Still trying to isolate this issue. Ran lnet_selftest script that uses lst
brw write to send packets from a client to one of my two OSS's. Abysmal
write performance. Here's a snippet:
[LNet Rates of servers]
[R] Avg: 10983 RPC/s Min: 10983 RPC/s Max: 10983 RPC/s
[W] Avg: 10984 RPC/s Min: 10984 RPC/s Max: 10984 RPC/s
[LNet Bandwidth of servers]
[R] Avg: 5492.14 MB/s Min: 5492.14 MB/s Max: 5492.14 MB/s
[W] Avg: 0.84 MB/s Min: 0.84 MB/s Max: 0.84 MB/s
[LNet Rates of servers]
[R] Avg: 11017 RPC/s Min: 11017 RPC/s Max: 11017 RPC/s
[W] Avg: 11017 RPC/s Min: 11017 RPC/s Max: 11017 RPC/s
[LNet Bandwidth of servers]
[R] Avg: 5508.94 MB/s Min: 5508.94 MB/s Max: 5508.94 MB/s
[W] Avg: 0.84 MB/s Min: 0.84 MB/s Max: 0.84 MB/s
[LNet Rates of servers]
[R] Avg: 11010 RPC/s Min: 11010 RPC/s Max: 11010 RPC/s
[W] Avg: 11010 RPC/s Min: 11010 RPC/s Max: 11010 RPC/s
After test:
lctl --net o2ib conn_list
10.100.100.17@o2ib mtu 4096
10.100.100.18@o2ib mtu 4096
10.100.100.19@o2ib mtu 4096
10.100.100.24@o2ib mtu 4096
10.100.100.24@o2ib mtu 4096
But the IB mtu is 65520. Why are the path mtu's so small compared to the
IB mtu?
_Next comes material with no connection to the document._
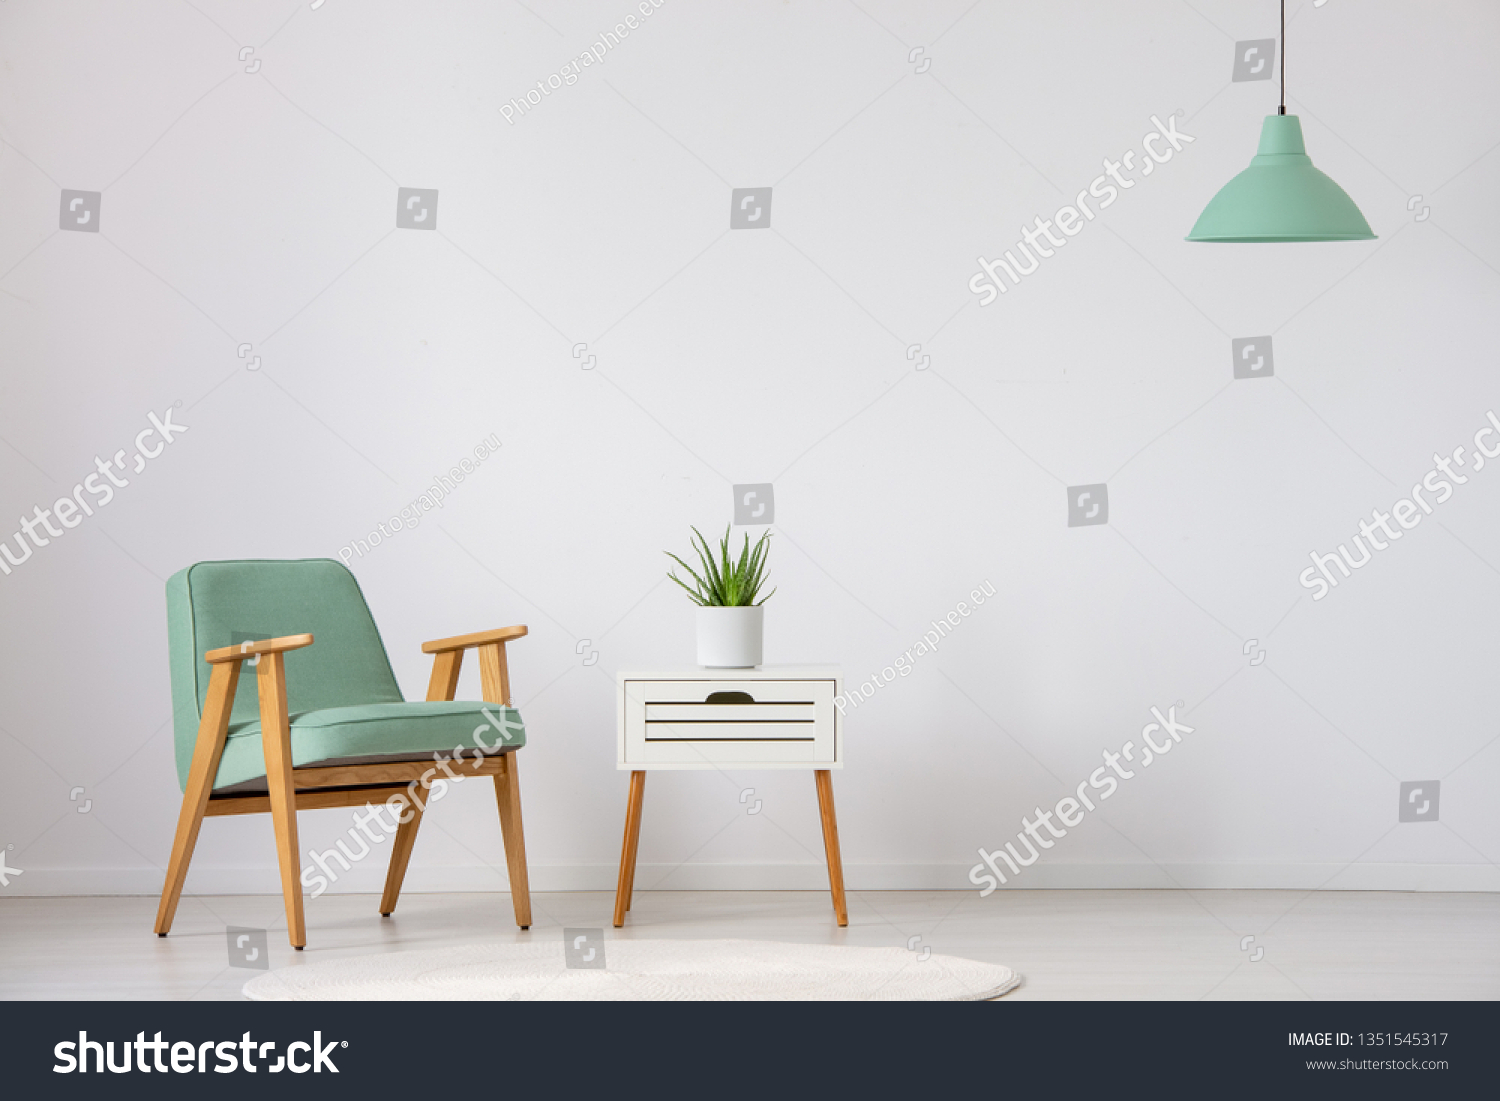 Vintage mint armchair next to small white table with green plant in pot in bright interior, real photo with copy space on the empty wall #1351545317

If only sending 4k at a time over IB, or if IB writes are delayed
until multiple packets fill up the IB mtu, then this could delay the
writes. Looking to see how I can increase the path mtu's.
Thanks,
Michael
On Sat, Oct 12, 2013 at 5:49 PM, Michael Bloom <michael.bloom(a)trd2inc.com>wrote:
Should clarify what I just said. I could remount the OST with -t
ldiskfs
but the client wouldn't accept it.
# mount -t ldiskfs 10.100.100.17@o2ib:/lustrewt /mnt/lustre/
mount: unknown filesystem type 'ldiskfs'
# mount -t lustre 10.100.100.17@o2ib:/lustrewt /mnt/lustre
On Sat, Oct 12, 2013 at 3:49 AM, Dilger, Andreas <andreas.dilger(a)intel.com
> wrote:
> On 2013-10-11, at 12:32, "Michael Bloom" <michael.bloom(a)trd2inc.com
> <mailto:michael.bloom@trd2inc.com>> wrote:
>
> I've modified my iozone testing for now to just "-i0", i.e.,
> write/rewrite. Here's the command:
> iozone -e -M -m -r 1m -s 1g -0 -+n -+A 2 -+u -C -t -P 0 -+d -F
> $TESTDIR/iozone-file_1GB.a_001.$$ 1>$LOG.10gb.write_00 &
>
> where $TESTDIR points to a directory in my Lustre FS whose striping
> config are (the files are created new on each test run so they inherit the
> striping config from the directory):
>
> lfs getstripe iozone-file_1GB.a_005.28844
> iozone-file_1GB.a_005.28844
> lmm_stripe_count: 2
> lmm_stripe_size: 1048576
> lmm_pattern: 1
> lmm_layout_gen: 0
> lmm_stripe_offset: 1
> obdidx objid objid group
> 1 617201 0x96af1 0
> 0 616584 0x96888 0
> The file size isn't quite the 1GB I was looking for either:
> -rw-r-----. 1 root root 471859200 Oct 11 01:33 iozone-file_1GB.a_005.28844
>
>
> Only reason we're running pre-release stuff is that's what we downloaded.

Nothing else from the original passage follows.